Dysphagia (or difficulty in swallowing) is the single most intense and distressing problem for patients with oral mucositis. Borbasi et al. [98] revealed that one of the most frustrating aspects of oral mucositis is that it induces swallowing difficulties and eating unpalatable [98]. Control of dysphagia therefore is a chief concern in the management of oral mucositis. It was noted that difficulty in swallowing in the olive leaf group lessen. Benzydamine group was better than the placebo group, which is due to lesser severity of mucositis in these groups than the placebo group.

The functional impairment of eating (or feeding pattern) also showed a direct advantage of olive leaf over benzydamine and placebo groups. This result is also important since in more severe cases of oral mucositis; unrelenting pain and subsequent inability to eat and drink trigger the onset of secondary malnutrition and dehydration. This will create an even more complex situation where potential interruptions in treatments and invasive methods of nutritional correction can lead to a marked increase in co-morbidity [99].

In accordance with the established objectives and the results obtained, it can be concluded that:

• The use of olive leaf was more effective in alleviating oral mucositis in comparison to benzydamine HCl and placebo.

• The expression of oral pain, difficulty in swallowing and eating function lessen in the olive leaf treated groups over benzydamine HCl and placebo groups.
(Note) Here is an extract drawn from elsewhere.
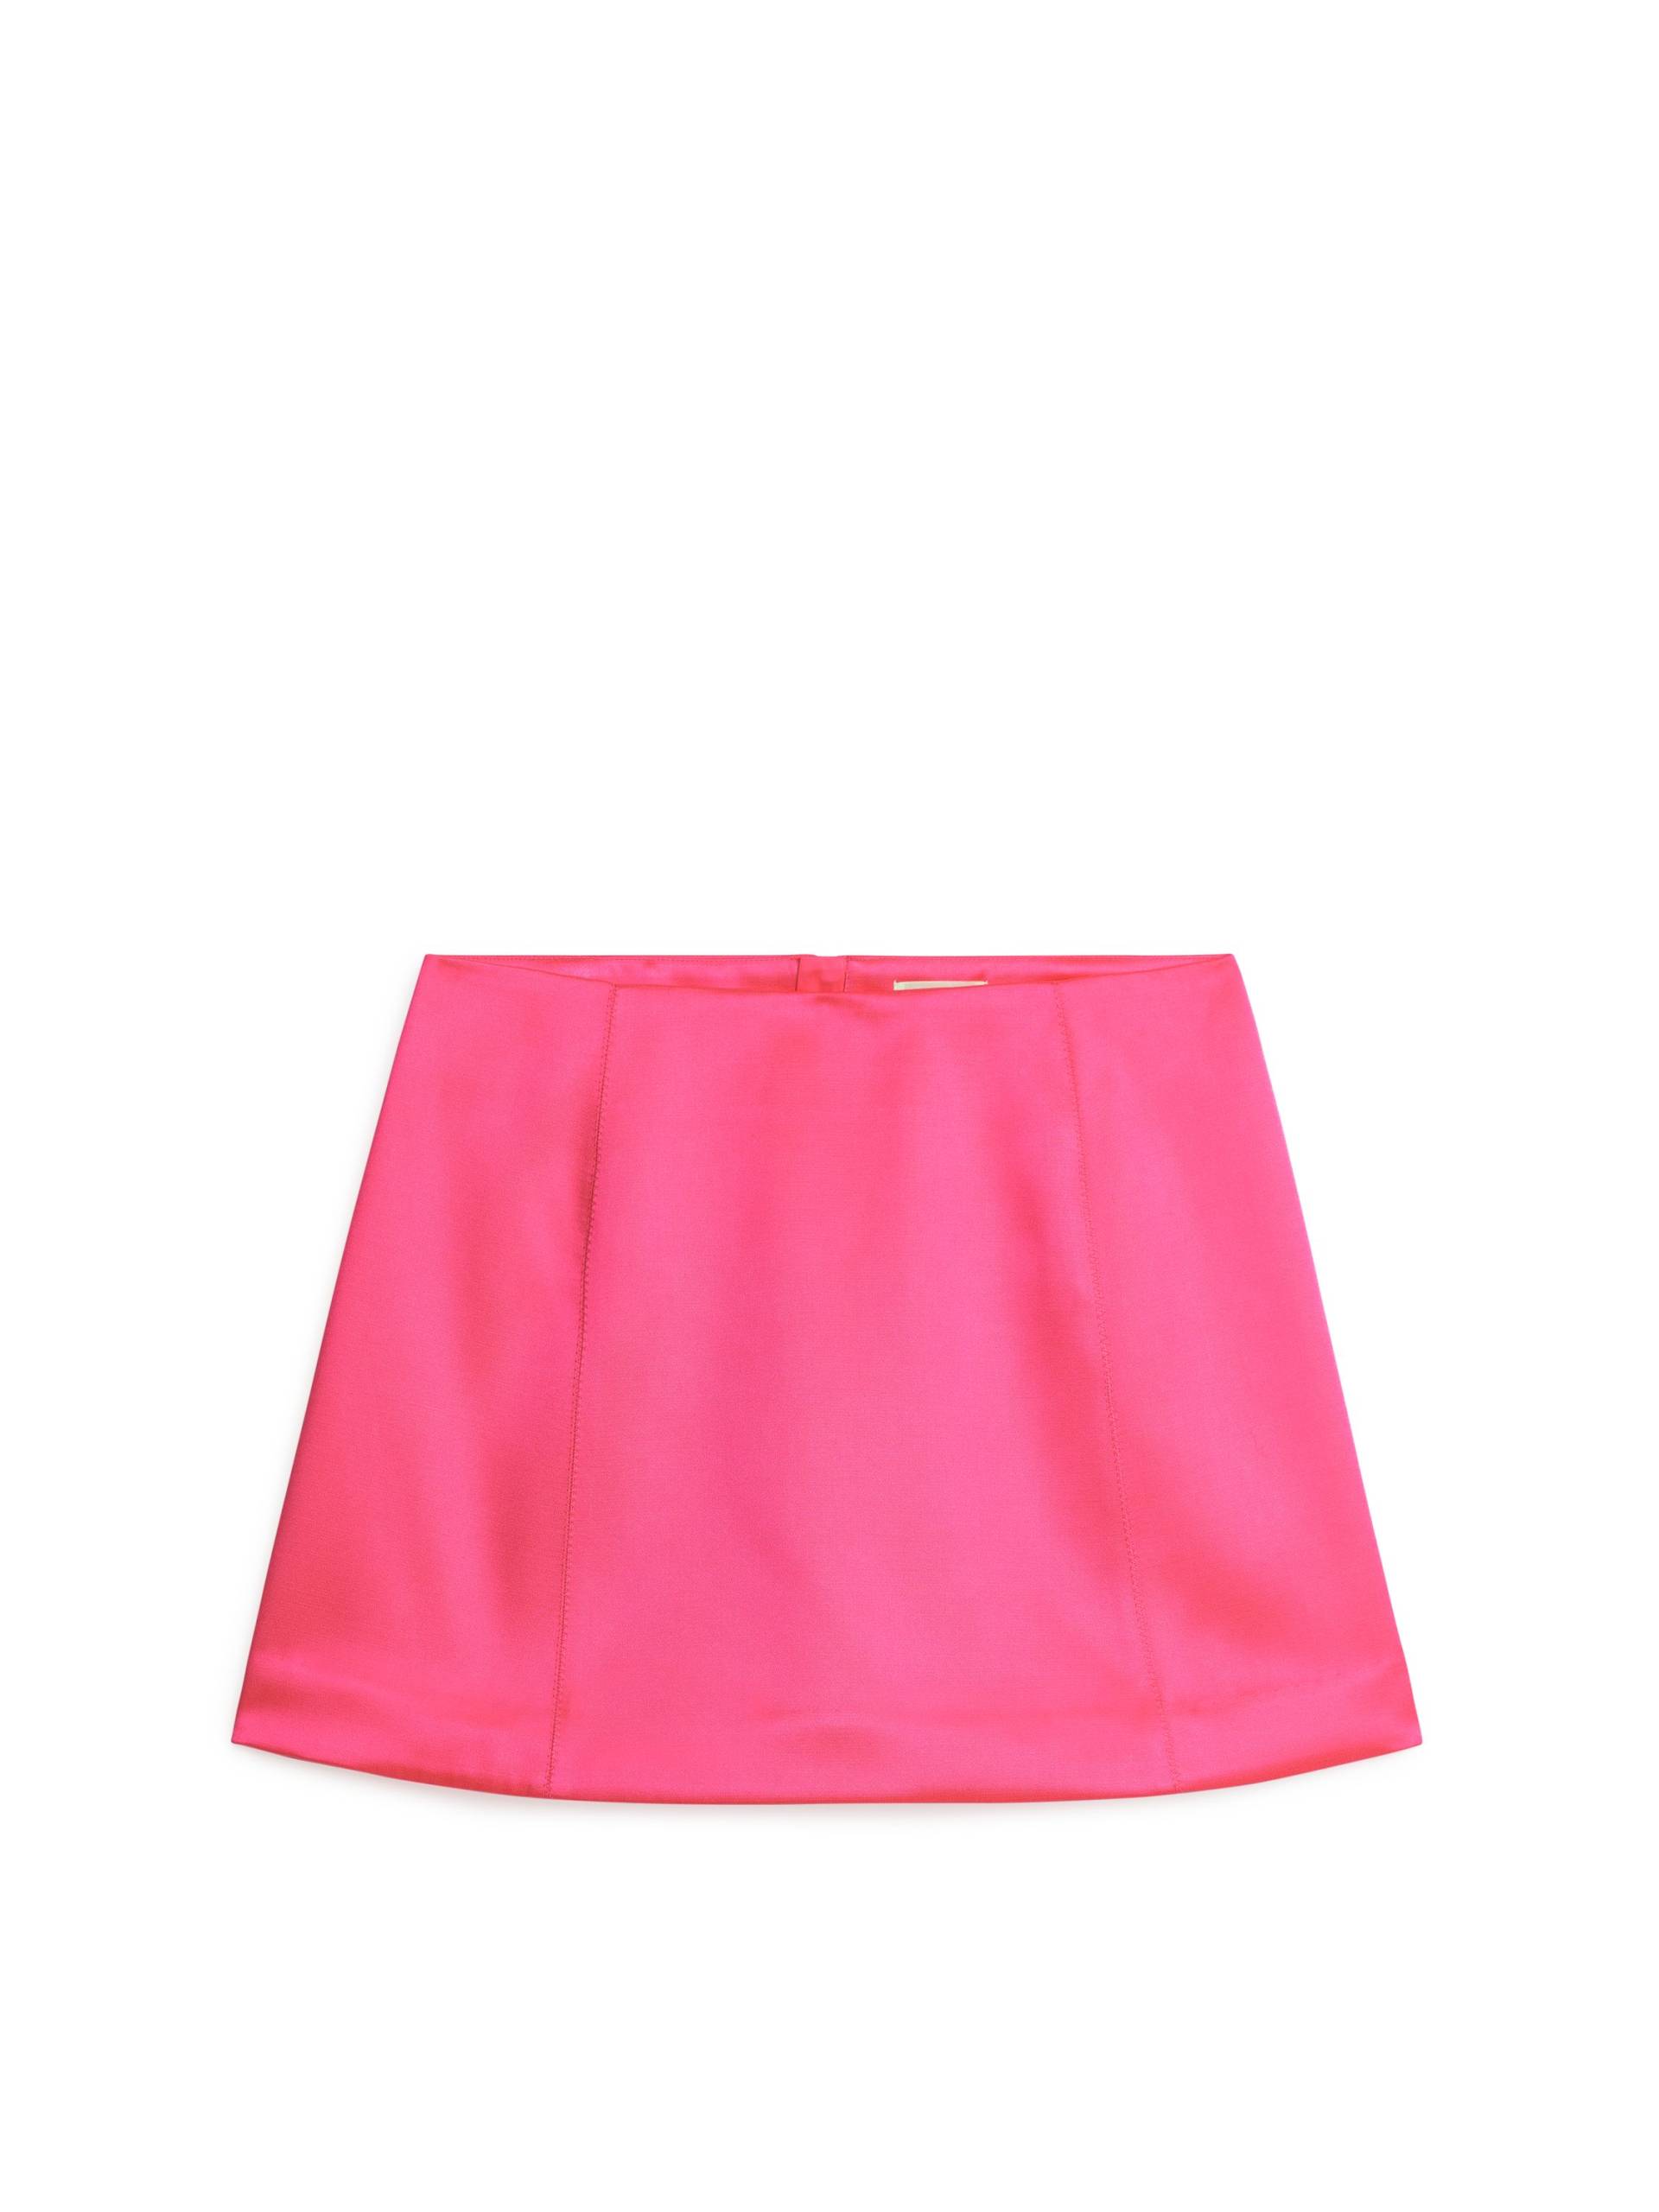 Arket Minirock aus Satin Rosa, Röcke in Größe 40. Farbe: Pink 004 von Arket

• In the animal part of the study, both olive leaf and benzydamine HCl reduced the size of ulcer area in the buccal mucosa of rats with complete healing at day 10; the control groups of rats showed persistent ulcer throughout the experimental period.

• No clear evidence existed for the role of oral flora in developing oral mucositis.

Further investigations on a larger scale including both radiotherapy and chemotherapy patients with different treatment protocols is required for confirmation of the obtained results.